El fin de semana pasado estuve en Zamora y alguien me preguntó con qué frecuencia solía regresar a la ciudad. Le respondí que una vez al mes. Y que, en realidad, me gustaría ir más a menudo. Por ejemplo, un fin de semana sí y otro no, como hacía en los tiempos en los que estudiaba en Salamanca. Me preguntó por qué, entonces, no iba más a mi tierra. Le dije la verdad, lo que ya he contado aquí más de una vez. Que el viaje desde Madrid es una paliza y el regreso es idéntico, o aún peor. Que en muy raras ocasiones tienes la suerte de tu lado y haces un viaje de dos horas y media. Lo mínimo suelen ser tres horas. De ahí para adelante. Te tropiezas con atascos para salir de Madrid y atascos para entrar en Madrid. Y eso no es lo peor. Lo peor es observar cómo conduce el personal. Jugándose el pellejo, caminando por el filo de la navaja a ciento treinta kilómetros por hora. Creyendo que son inmortales, que no les pasará nada. Adelantamientos suicidas, incumplimiento de las normas, coches que se pegan al culo del vehículo que tienen delante. Saliendo de Madrid, el pasado fin de semana, vimos un coche volcado. Con la policía alrededor. Estaba de lado, en la tierra de nadie que divide la autovía. Abollado, con los cristales rotos. Cuando pasamos ya se habían llevado, parece, al conductor y a los posibles ocupantes. Lo que ocurre es que, cuando le cuentas a alguien (que nunca hace el trayecto Madrid-Zamora) que ese viaje es una lata y que pierdes la tarde, ese alguien no suele creérselo. Siempre piensan que uno exagera. El último viernes logramos salir en torno a las cuatro de la tarde, creyendo que esa era la hora adecuada, el tiempo en que aún no habría tráfico. Pero había la misma caravana de coches que te encuentras a las seis o a las siete de la tarde.

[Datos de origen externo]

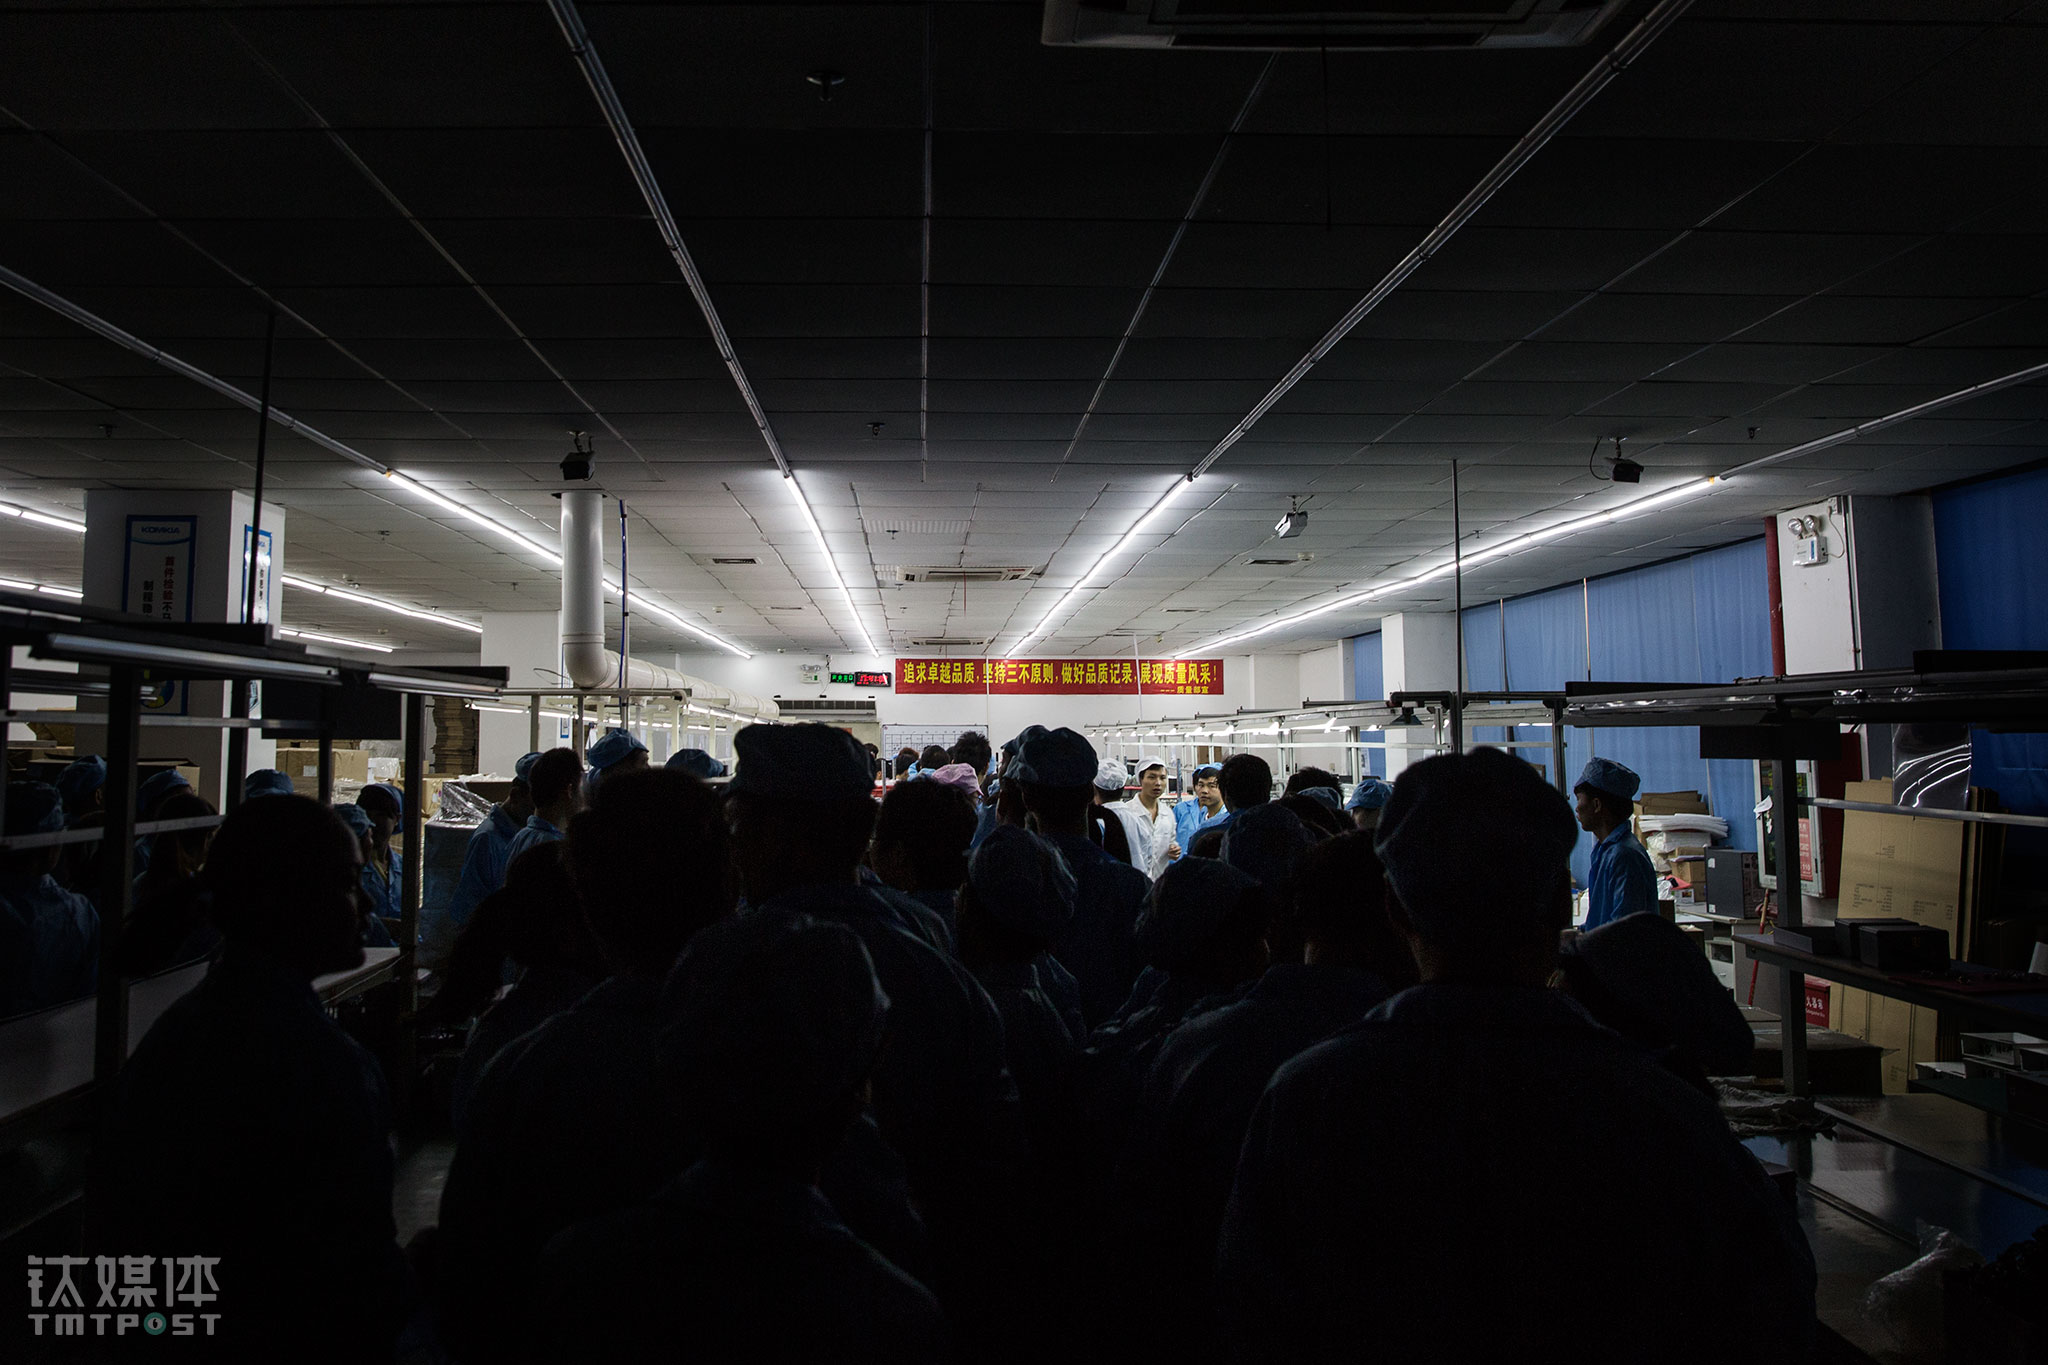 下班铃声响起，生产线停止运转，200名工人走向车间出口。这一天，北京雾霾加重，智能口罩和空气净化器订单加量，这些工人里，有些人过1个小时后又要返回这里加班。

Volvamos al principio. Insistiré en que me gusta ir a Zamora en fin de semana porque, saliendo de noche, me lo paso mejor en mi ciudad que en Madrid. Lo habré escrito veinte veces. Es una ventaja, créanme, moverte entre un montón de bares que distan apenas sólo unos minutos unos de otros (a veces ni eso: en Los Herreros tardas dos segundos en salir de un bar y entrar en el siguiente), sin recurrir a las caminatas, la búsqueda de un taxi o una parada de metro. Pero es que, además, el tamaño de la ciudad propicia los reencuentros nocturnos. Sales un rato y te acabas encontrando con quince amigos y con quince conocidos. Saludas, te paras, comentas la jugada. Charlas de esto y de aquello. Y así la noche va pasando. Lo que gusta de salir por las noches a unas cuantas personas (entre las que me cuento) es esa posibilidad: pegar la hebra, tener conversaciones con gente que igual no pensabas encontrarte, ver en unos minutos cómo nos va la vida a todos. Ya sé que en Madrid no es imposible esa situación. Pero para mí no es tan fácil. Para empezar, porque en la capital no tengo una vida social más allá de la que tengo con mis amigos zamoranos y sus parejas. Es decir: salvo ellos, no suelo toparme con nadie que conozca. Salvo una o dos amistades que, alguna vez, he visto en Malasaña.
Si el viaje fuera más corto, si no hubiese tantos atascos y tantos peligros añadidos, iría por Zamora casi todos los sábados. Aunque todos los sábados fueran iguales; y, aunque vaya una vez al mes, por cierto, siguen siéndolo. ¿Qué hice el último fin de semana allí? Más o menos lo de siempre. Cenar de tapas: patatas mixtas en el Tagore, montados de ternera con cabrales en el Kalima. Visitar algunos de mis garitos clásicos: Avalon, Park Life, etcétera. Lo de siempre, ya digo. Pero es que ese es el ritmo habitual de la ciudad. Parece que el tiempo no pasa.